As well as these small joys, for many small business owners the prospect of growth is a memory, as the latest Federal Reserve Small Business Credit Survey highlights. Released in March, the report is a summary of how small business owners acted and felt towards credit in 2019, as well as how they viewed their future in 2020.

While that’s certainly a grim reminder, the report featured an interesting question which appears prescient in the wake of the impacts of covid-19. “What actions would your business take in response to a 2-month revenue loss” was put to the 5,514 respondents, which were composed of owners of businesses that employed between 1 and 499 employees (coincidentally the same range for PPP loan eligibility). And the answers highlight the extent of the trouble which many small business owners currently find themselves in.

33% said they would lay off employees, 34% reported that they would rely on debt, and just 37% stated that they would reduce salaries of the owner(s) or employees. As well as these hypothetical decisions, 17% of respondents said they would shut down and 47% noted that they would use the owner’s personal funds to ride out the storm, worrying numbers given the current situation.
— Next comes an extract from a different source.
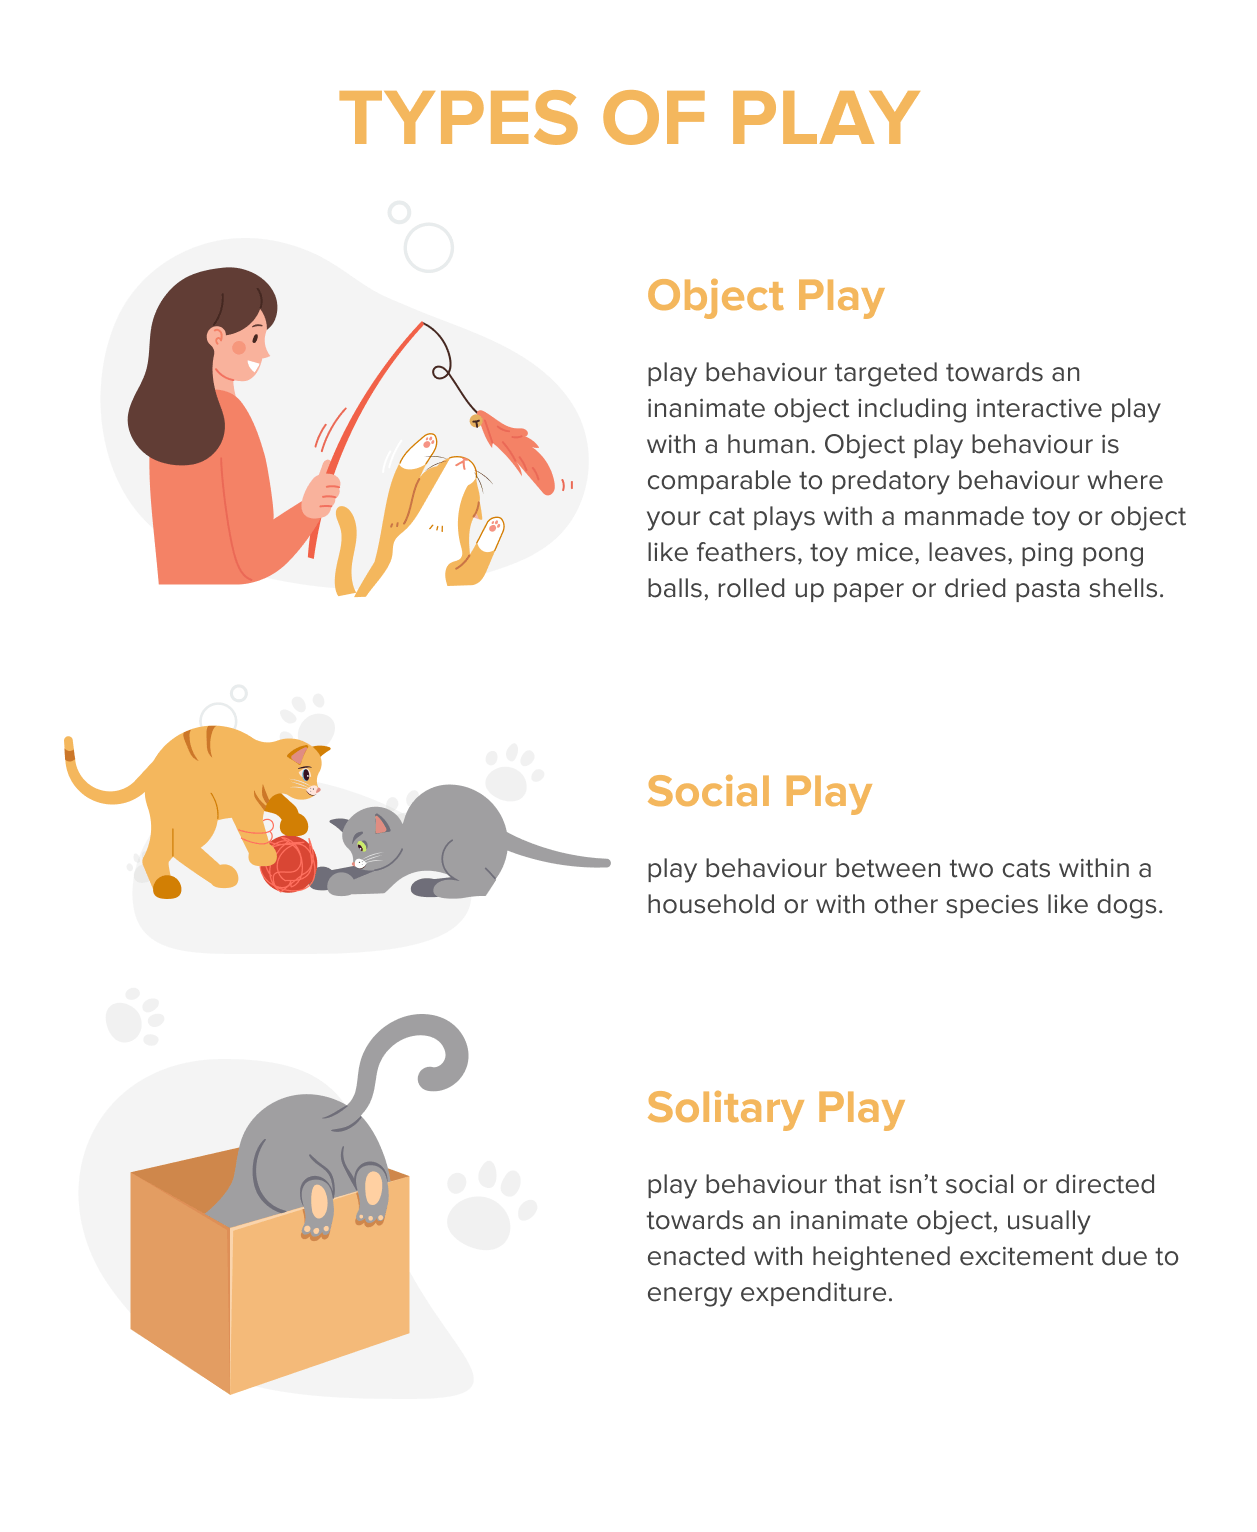 Como brincar com segurança com um gato, de acordo com um especialista em comportamento de gatos

And while these responses prove eerie in light of what was to come, other answers reflect the optimism that 2019 yielded. 69% of firms expected revenue to increase in 2020, 44% expected their number of employees to grow, and 56% reported revenue growth on from 2018.

Outdated as the report is, it acts as an artifact of sorts: reminding the industry of what can come before the fall, and how even when things are good, many businesses are a few steps removed from serious trouble.